2-9-18 5:27 PM EST | Email Article

By Anora M. Gaudiano, MarketWatch , Ryan Vlastelica

Volatility index subsides as stocks rebound

U.S. stock-market indexes did an about-face in late-Friday action, booking sharp gains for the session, but recording the worst weekly losses in about two years, during one of the most frenetic stretches of trading on Wall Street.

Climbing bond yields and higher inflation have been partly to blame for igniting once-dormant volatility in the market, with investors already on edge over lofty equity valuations following a mostly relentless uptrend for assets perceived as risky.

What are the main benchmarks doing?

The Dow Jones Industrial Average finished the session up 330.44 points, or 1.4%, to 24,190.90, spanning more than 1,021 points as the blue-chip gains made powerful intraday swings in to and out of positive and negative territory. For the week, the Dow closed down 5.2%, marking its largest weekly decline since January 2016.

The S&P 500 ended up 38.55 points, or 1.5%, to 2,619.55, with 10 of the 11 main sectors finishing with gains. Technology shares led the advance, up 2.5%, while energy shares were the only laggards, down 0.4%. The broad-market gauge spanned more than 100-points Friday moves.

For the week, the benchmark index lost 5.2%, also marking its largest weekly drop since early January.

The Nasdaq Composite Index closed up 97.33 points, or 1.44%, to 6,874.47, but finished the week 5.1% lower, representing its worst week since early February of 2016

On Thursday, the S&P 500 and the Dow entered correction territory, defined as a decline of at least 10% or more from recent highs.

According to financial blog SentimenTrader, Thursday's drop marked the Dow's fourth-fastest decline into correction territory from an all-time high, based on data that goes back to 1897.

Based on Thursday's close, 96 of the S&P 500's components are in bear market territory (http://www.marketwatch.com/story/more-than-10-of-sp-500-stocks-are-in-a-bear-market-2018-02-08), defined as a 20% drop from a peak. Only 88 of the components aren't in correction territory.

(https://twitter.com/RyanVlastelica/status/961708128927657984)

The Cboe Volatility Index also switched between gains and losses and closed 13.2% lower at 29.06. The so-called "fear index" has more doubled so far this year; the S&P has undergone seven sessions with a 1% move in 2018, nearly equaling the number of such moves seen over the entirety of 2017.

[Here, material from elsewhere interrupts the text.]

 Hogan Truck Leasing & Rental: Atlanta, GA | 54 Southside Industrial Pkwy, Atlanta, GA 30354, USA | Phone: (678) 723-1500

As markets whipsawed, weekly trading volumes (http://www.marketwatch.com/story/weekly-us-stock-market-volume-highest-since-august-2011-2018-02-09) were the highest since August of 2011, according to Wall Street Journal Digital Data.

Don't miss:Jim Cramer blames a 'group of complete morons' for blowing up the market (http://www.marketwatch.com/story/jim-cramer-blames-a-group-of-complete-morons-for-blowing-up-the-market-2018-02-08)

What's driving markets?

The Dow has suffered a pair of 1,000-point drops this week, including in Thursday's session, something that has never happened in history, as inflation fears and rising yields dogged markets.

See:Volatility shock wave has wiped $5.2 trillion from markets, sent 5 sectors into correction territory (http://www.marketwatch.com/story/volatility-shock-wave-has-wiped-52-trillion-from-global-markets-sent-five-sectors-into-correction-territory-2018-02-08)

President Donald Trump's signed of legislation to end a brief government shutdown after the House and Senate approved a budget deal (http://www.marketwatch.com/story/senate-passes-budget-deal-as-government-remains-shut-down-2018-02-09).

Check out:MarketWatch's Economic Calendar (http://www.marketwatch.com/economy-politics/calendars/economic)

What are strategists saying?

"Right now markets are moving more on the emotions of trading, rather than economic fundamentals. Once the fears get rolling, it's purely sentiment and what traders can imagine in terms of where things can be going that drive price action," said Bruce McCain, chief investment strategist at Key Private Bank.

"We could have fallen enough to account for the new inflation fears, but we need to form a pretty stable base before investors can feel reassured the bottom won't fall out from under them, and it will take some more price action before that occurs."

Check out: Fed's George says 3 rate hikes this year is 'reasonable baseline' (http://www.marketwatch.com/story/feds-george-says-three-rate-hikes-this-year-is-reasonable-baseline-2018-02-08)

And see:Is the decadeslong downtrend in interest rates finally over? (http://www.marketwatch.com/story/is-the-decades-long-downtrend-in-interest-rates-finally-over-2018-02-08)

What stocks are active?

Energy shares were among the worst hit. Shares of Baker Hughes, a GE Company (BHGE) dropped 3.6%, while Schlumberger NV (SLB) slid 3.3%.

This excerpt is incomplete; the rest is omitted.